▶ Task directions
Going line by line through the records below, count those containing the word "devant", then give only the count.

▶ Provided information
......

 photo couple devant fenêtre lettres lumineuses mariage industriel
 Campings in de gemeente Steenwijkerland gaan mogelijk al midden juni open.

......

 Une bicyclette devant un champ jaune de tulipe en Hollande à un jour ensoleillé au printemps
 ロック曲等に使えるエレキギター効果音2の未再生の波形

......

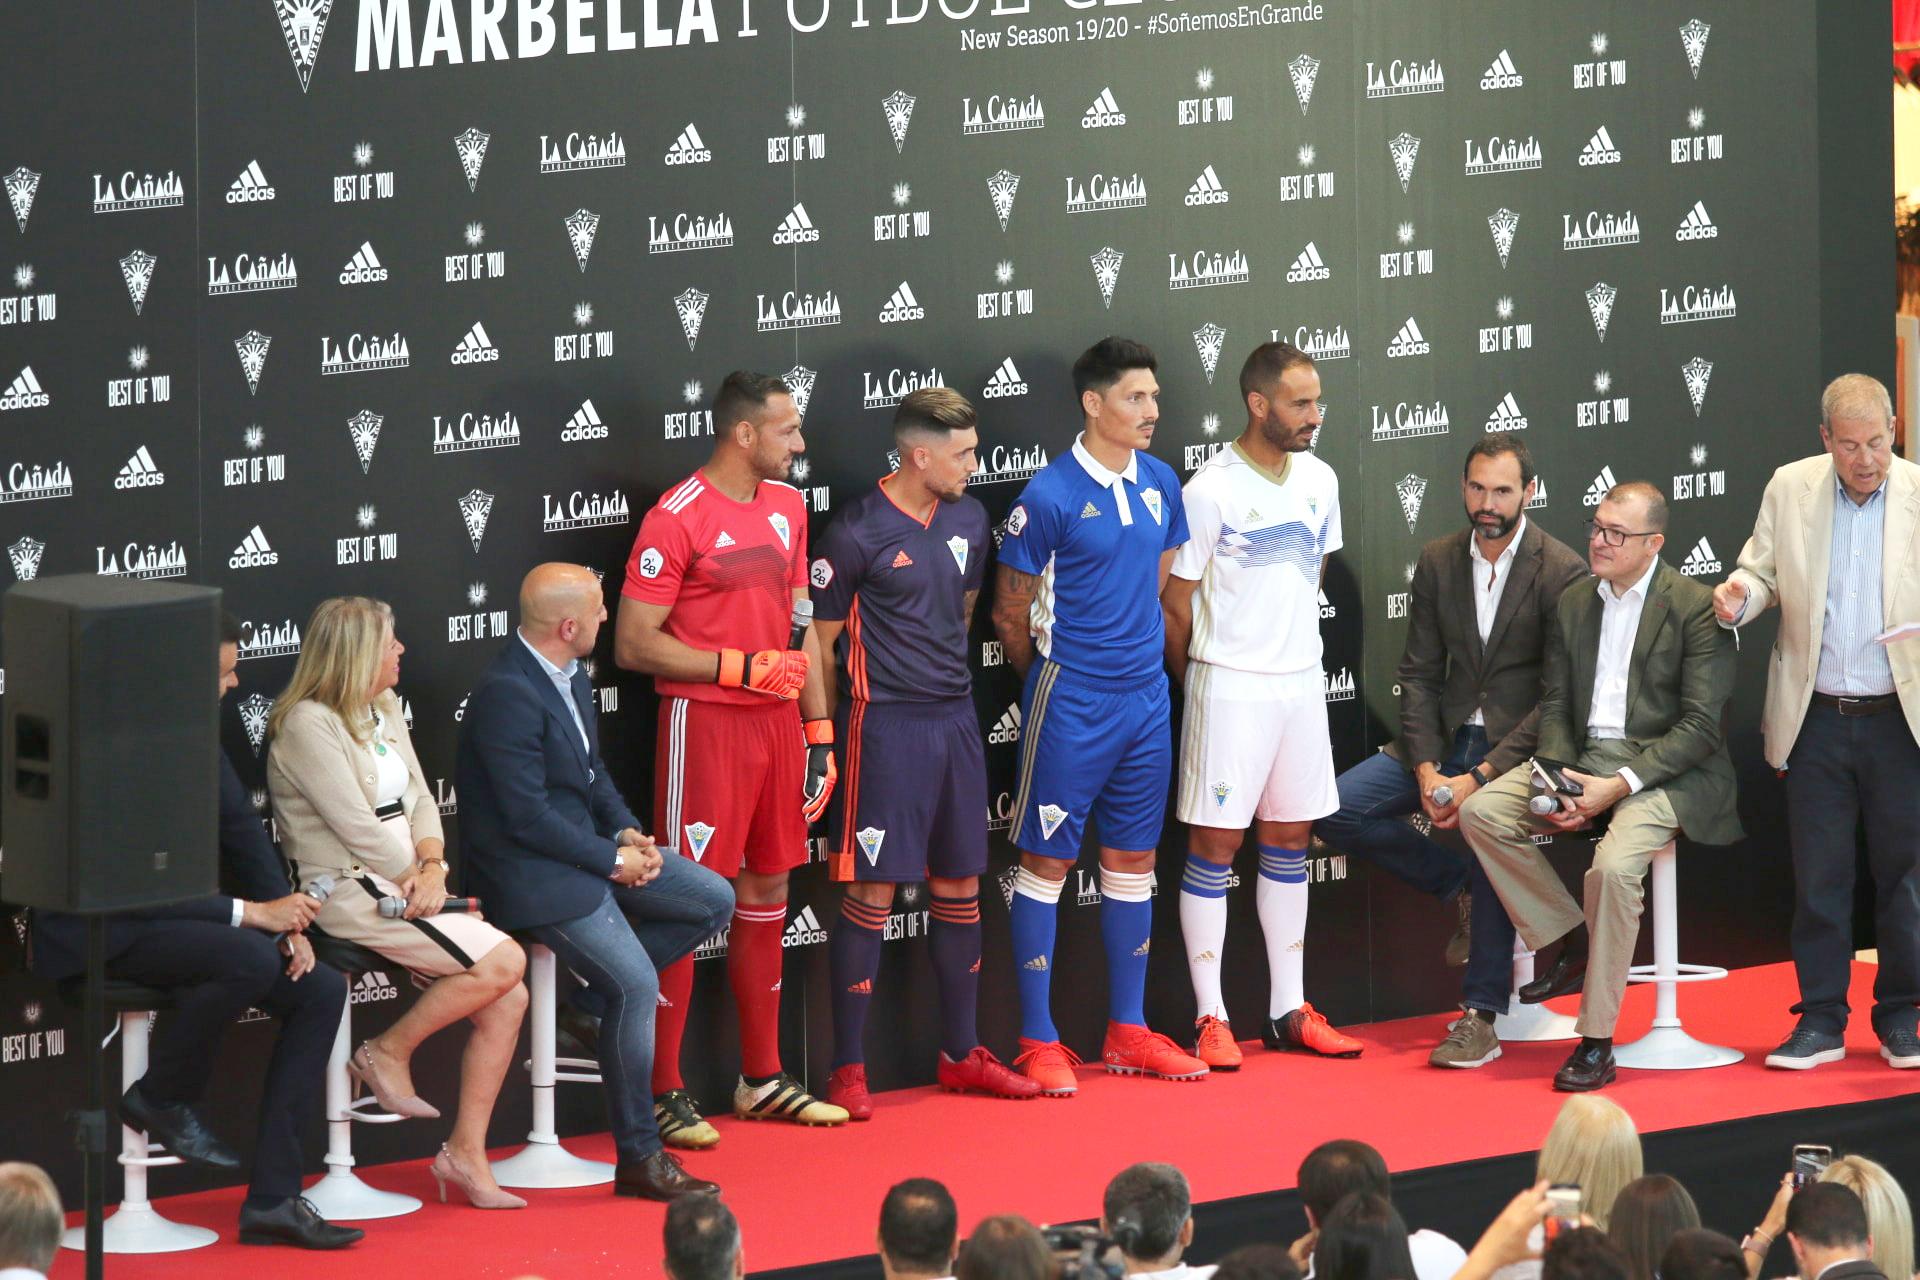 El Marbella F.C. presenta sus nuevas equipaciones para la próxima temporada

......

▶ Problem solution
2